Tuesday, April 5, 2011

Effects of Alcohol Purely Psychological, New Study Reports

MASINDI, KENYA--A group of researchers from Kenya have made a new discovery that suggests that the effects of alcohol on human behavior may be entirely psychological. In the study, the scientists compared two different groups--American college students and members of a small village in northwest Kenya called Masindi, where they produce the majority of the country’s largest export, banana beer.

The community has been producing the beer--which is made by fermenting bananas and sorghum in a deep, earthen trench--for hundreds of years. Scientists noticed that despite the massive quantities of the substance consumed in the village (children begin drinking it as soon as they are weaned off breast milk) it does not seem to have the same effect on their behavior as seen in other groups of individuals, particularly in the United States.

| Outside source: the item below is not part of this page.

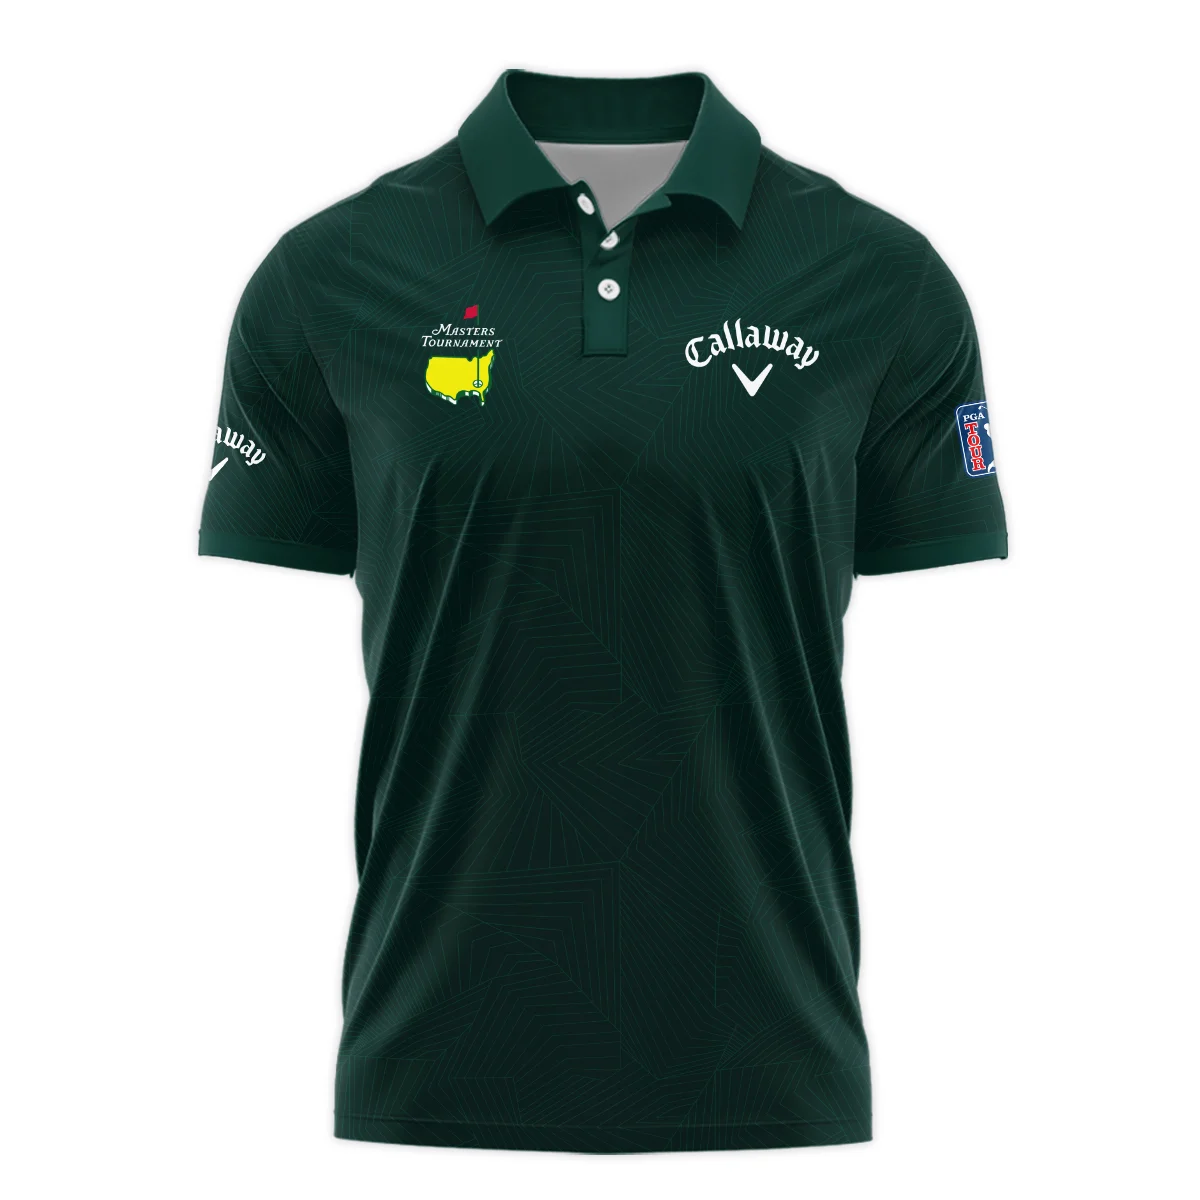 Masters Tournament Callaway Pattern Sport Jersey Dark Green Vneck Long Polo Shirt Style Classic Long Polo Shirt For Men

It has long been understood that alcohol affects the central nervous system, acting as a depressant and causing a lack of inhibition, sluggishness, and a host of other mental and physical effects.

"When we began studying the people in Masindi, we noticed how different, especially from westerners, their physical and emotional reactions were to the alcohol,” said researcher Amos Wako. “We really wanted to investigate what factors influenced those differences in behavior.”

For the study, the scientists compared a group of American college students, aged 18 to 22 with a group of Masindi villagers of the same age. The scientists created a mock social setting, providing music, a dance floor, and a make-shift bar. Both groups were provided with as much free banana beer as they wanted over the course of three hours while researchers watched and recorded their behavior.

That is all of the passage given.